Wednesday, January 9, 2019
In the beginning of February 2018, a few weeks after the Montecito debris flow, I was contacted about a few people looking to conserve six things rescued from the mud. I proposed a free assessment day, where people could bring anything they wanted to the Montecito Library, and I would help where I could and give out resources and contacts for other conservators with different specialties.
I soon realized that there was a huge mold problem everywhere. I shouldn’t have been surprised. Mud and debris blanketed the town, creating a micro-environment where items could not dry out — the perfect breeding ground for mold and insects.
Families had few options for help, so I created another. The following week I began calling other conservators, did some research, and decided to try a project that had never been done before — conservation support on a community basis.
I felt it was a project that was desperately needed, and since I had just spent the last three years finishing my master’s in conservation from Camberwell College of London and a fellowship at UCLA Library, I had the time to devote to the work. Besides, my family was from here, and I wanted to use what skills I had to help.
First I called the Fowler Museum’s Christian De Brer, who had run similar remediation programs. Freezers, he said, were needed immediately. He recommended contacting Martin Container. They agreed to put two freezers on hold at an extremely deep discount.
One freezer could go to the Sheriff's Office, and the other had to be located somewhere in Montecito. I called Sherman Hansen of Santa Barbara County Parks. He put me in touch with Abe Powell, the man who had become the go-to guy for most volunteer recovery projects and one of the prime organizers of the Santa Barbara Bucket Brigade, a group of ordinary people who, working with donated funds, had been digging through the mud.
Abe immediately recognized the need for a conservation service but soon realized there was no power source in Montecito that could handle such large freezers. The Bucket Brigade offered to rent necessary generators, and because of that incredibly generous act, I was able to accept Westmont College’s offer to park the freezer on its campus. The project also received seed funding from Congregation B’nai B’rith to acquire the first wave of supplies and the Montecito Center for Preparedness, Recovery and Rebuilding, a county group run by Ben Romo, offered free studio space. Now I only had to wait for Abe to fire the generators up.
It was then that Abe asked a question that surprised me. “Are you worried about heading up a project for months to help people you’ve never met?”
“Oh, no,” I answered without thinking. “I did humanitarian aid work in Kosovo after the war, so this should be old hat.” My answer startled us both. He had not known about this part of my early life, and I rarely talked about it with strangers. I had spent nine months in that terrible war zone with my family in 1999, handing out aid packages and running team logistics, an experience that left me with complex post-traumatic stress disorder (C-PTSD). After Kosovo I had found it hard to volunteer helping people elsewhere. But I had spent years getting better, and since I was going to be helping objects and not people, I was confident this was something I could do.
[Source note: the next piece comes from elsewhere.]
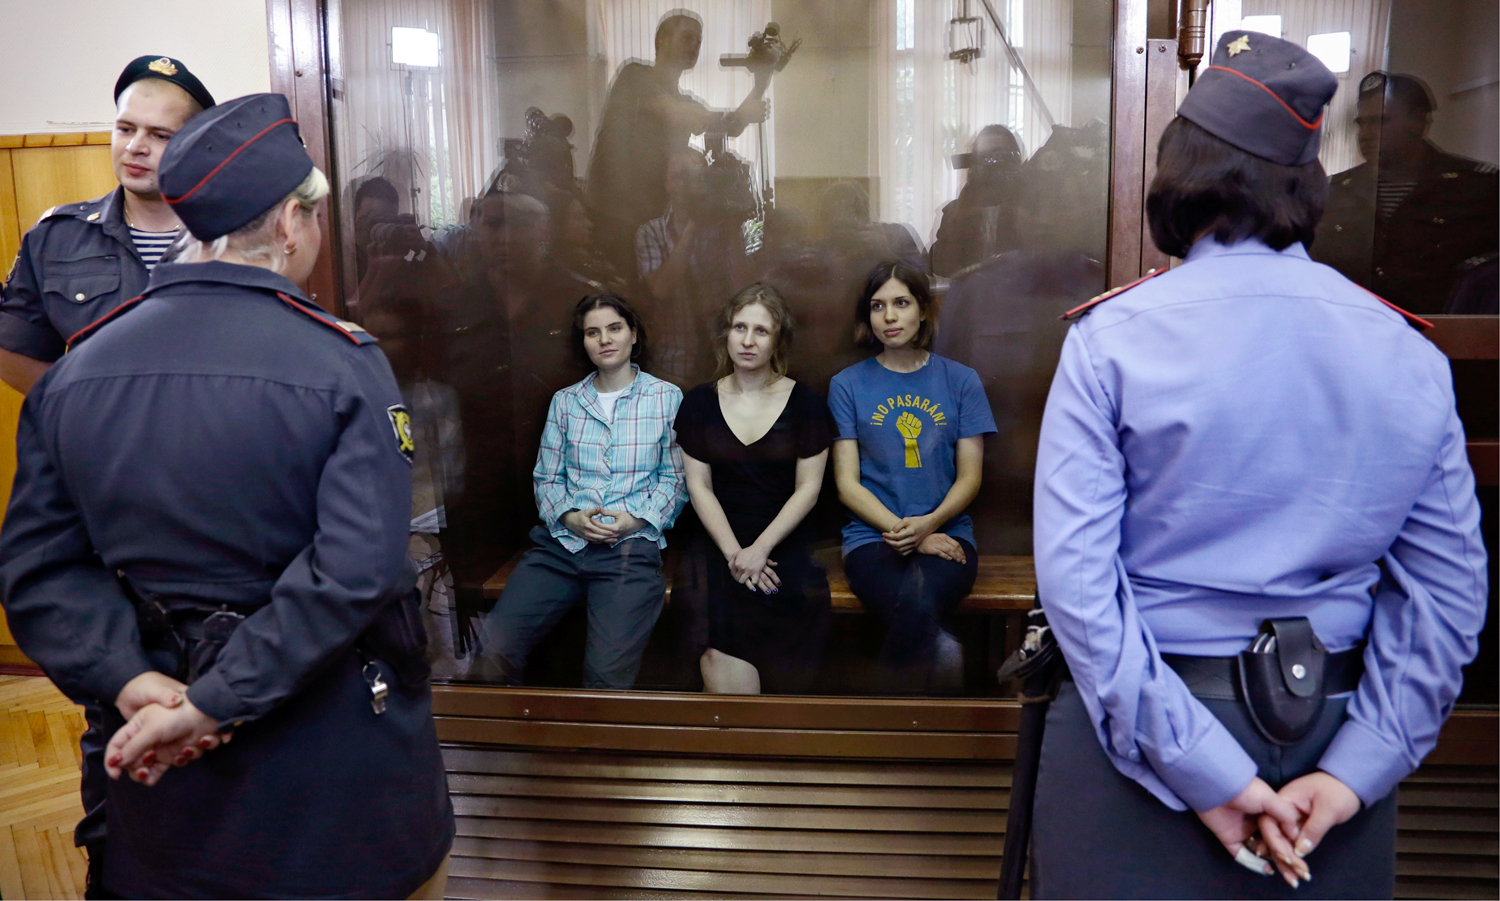 Feminist punk group Pussy Riot members, from left, Yekaterina Samutsevich, Maria Alekhina and Nadezhda Tolokonnikova sit in a glass cage at a court room in Moscow, Russia on Friday, Aug 17, 2012. The women, two of whom have young children, are charged with hooliganism connected to religious hatred but the case is widely seen as a warning that authorities will only tolerate opposition under tightly controlled conditions. T-shirt on right worn by Tolokonnikova is Spanish and translates to "They shall not pass", a slogan often used to express determination to defend a position against an enemy. (AP Photo/Sergey Ponomarev)

I officially started accepting drop-off objects on March 8, and I was soon flooded with items. I was grateful for volunteers and my previous database experience because those two things were essential to the survival of the project.
Over the next few weeks, the relationship between 805 Conservation and the Bucket Brigade became more formalized. They became our nonprofit umbrella and provided the rest of the funding, so I could just focus on the objects. From the very beginning, I wanted the project to be free for the public with no restrictions on what people could bring. Since this was Bucket Brigade’s feeling as well, it just confirmed the synergy of our working groups.
My specialty is paper-based objects, but every type of object came my way. Fortunately, conservation as a profession is obsessed with sharing knowledge, and I quickly found a group of conservators with different specialties who were happy to help. They guided me through textiles, metal pieces, ceramics, paintings, and stuffed animals.
Having no restrictions on what could be brought worried everyone, and I was asked, “Shouldn’t there be limits to prevent people taking advantage?” But I had faith in the families. And they proved me right.
Every family self-edited what they brought. Understanding that the service was free actually made them choose carefully. As the project went on and the work piled high, families would bring me snacks and drinks in the hot afternoons. They would bring me supplies if they noticed I had been running low and would occasionally do small tasks, like taking out my trash. And I got many, many hugs. But the project began to wear on me as the objects increased from 6 to 7,000.
Remember how I said that my C-PTSD wouldn’t be a problem because I was helping objects and not people? Well, it turns out that fixing objects does help people. I had no comprehension of the impact it would have or the bond it would forge between us all.
Going through a family's personal belongings is a free fall into family memories, and they would tell me the stories that went with the objects. Over time my general concern for strangers became a deep caring for friends.
I did get stressed out, and I struggled with exhaustion. I still had good boundaries, however, and wasn’t having panic attacks, so I didn’t think my C-PTSD had been triggered. The crisis counselors from California Hope 805 suggested what I was experiencing was compassion fatigue. Dr. Charles Figley defined compassion fatigue as a “state experienced by those helping people or animals in distress; it is an extreme state of tension and preoccupation with the suffering of those being helped to the degree that it can create a secondary traumatic stress for the helper.”
It was a light-bulb moment for me. The heart has endless reserves to care about people, but the body and mind need a bit of patience and understanding while they catch up. And I hadn’t been giving myself any time or space to do that. So, if you are going to help with disasters in your own community, look up compassion fatigue and use the prevention techniques to help yourself and others.
Caring begets caring, and through this project I was fortunate to join a chain that wound throughout the entire community that worked to support survivors and responders alike. My fellow nonprofits, volunteers, and the families who sought my help all collaboratively gave me everything I needed to finish out the work and safely return the objects to those who loved them. This project has been one of the best of my life. I know I will carry the connections formed, the love felt, and the stories told with me for the rest of my life.
Christina Bean has decided to stay in town and start her own paper conservation studio under 805 Conservation.